← Back to context

Comment by Terr_

10 days ago

> One possible explanation here: as these get smarter, they lie more to satisfy requests.

I feel there's some kind of unfounded anthropomorphization in there.

In contrast, consider the framing:

1. A system with more resources is able to return more options that continue the story.

2. The probability of any option being false (when evaluated against the real world) is greater than it being true, and there are also more possible options that continue the story than ones which terminate it.

3. Therefore we get more "lies" because of probability and scale, rather than from humanoid characteristics.

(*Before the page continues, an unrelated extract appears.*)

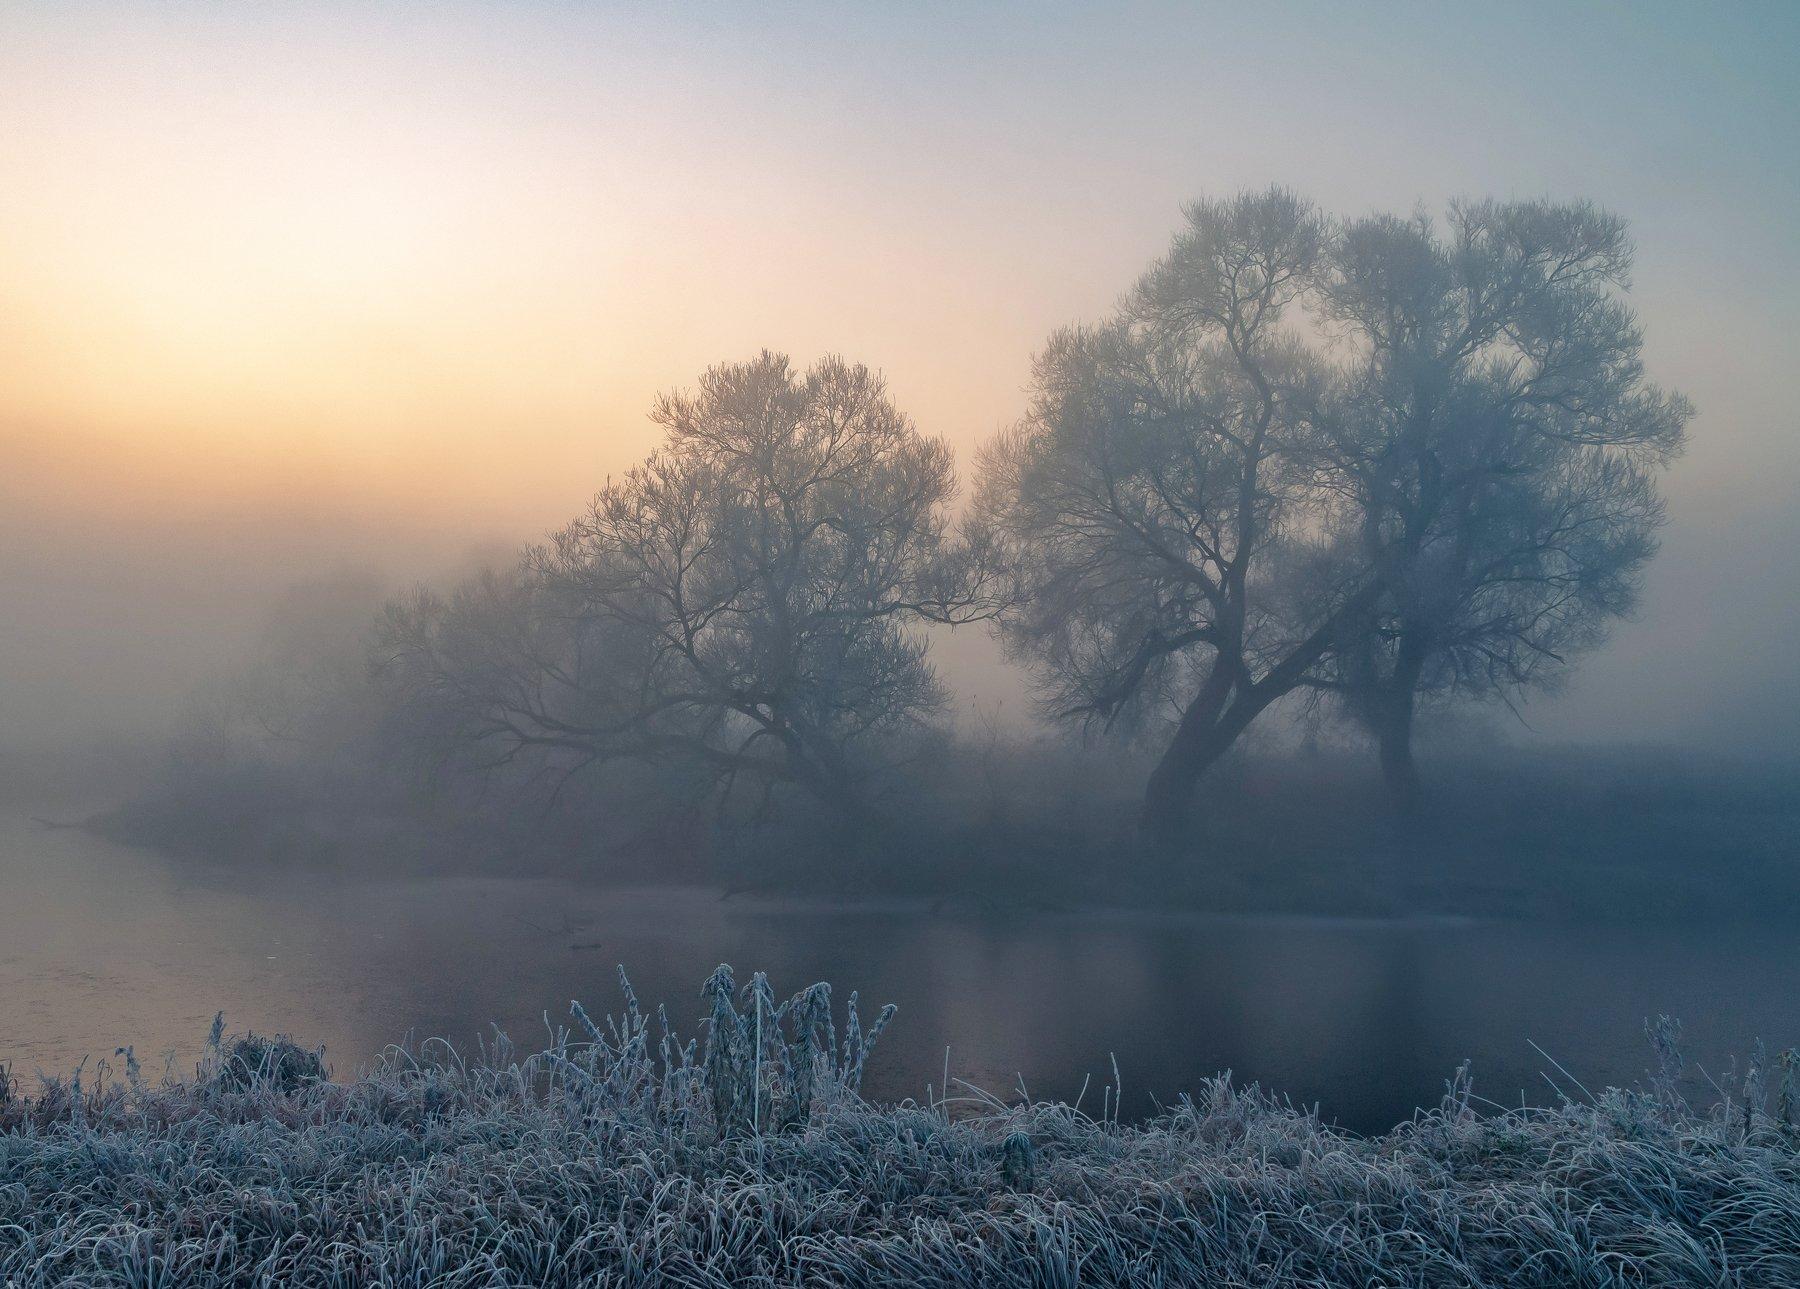 утро, свислочь, туман, иней, пейзаж, Александр Гвоздь

That also is similar in a sense to a typical human bahavior of "rounding" a "logical" argument, and then building the next ones on top of that, rounding at each or at least many steps in succession and bacically ending up at arbitrary (or intended) conclusions.

This is hard to correct with a global training, as you would need to correct each step, even the most basic ones, instead. As it's hard to convince someone that their result is not correct, when you actually would have to show the errors in the steps that led there.

For LLMs it feels even more tricky when thinking about complex paths being encoded somehow dynamically in simple steps than if there was some clearer/deeper path that could be activated and corrected. Correcting one complex "truth" seems much more straightforward (sic) than effectively targeting those basic assumptions enough so that they won't build up to something strange again.

I wonder what effective ways exist to correct these reasoning models. Like activating the full context and then retraining the faulty steps, or even "overcorrecting" the most basic ones?

I see a sort of parallel in how search fuzzing has become so ubiquitous, because returning 0 results means you don't get any clicks. That sort of reward function means the fuzzing should get worse the fewer true results there are.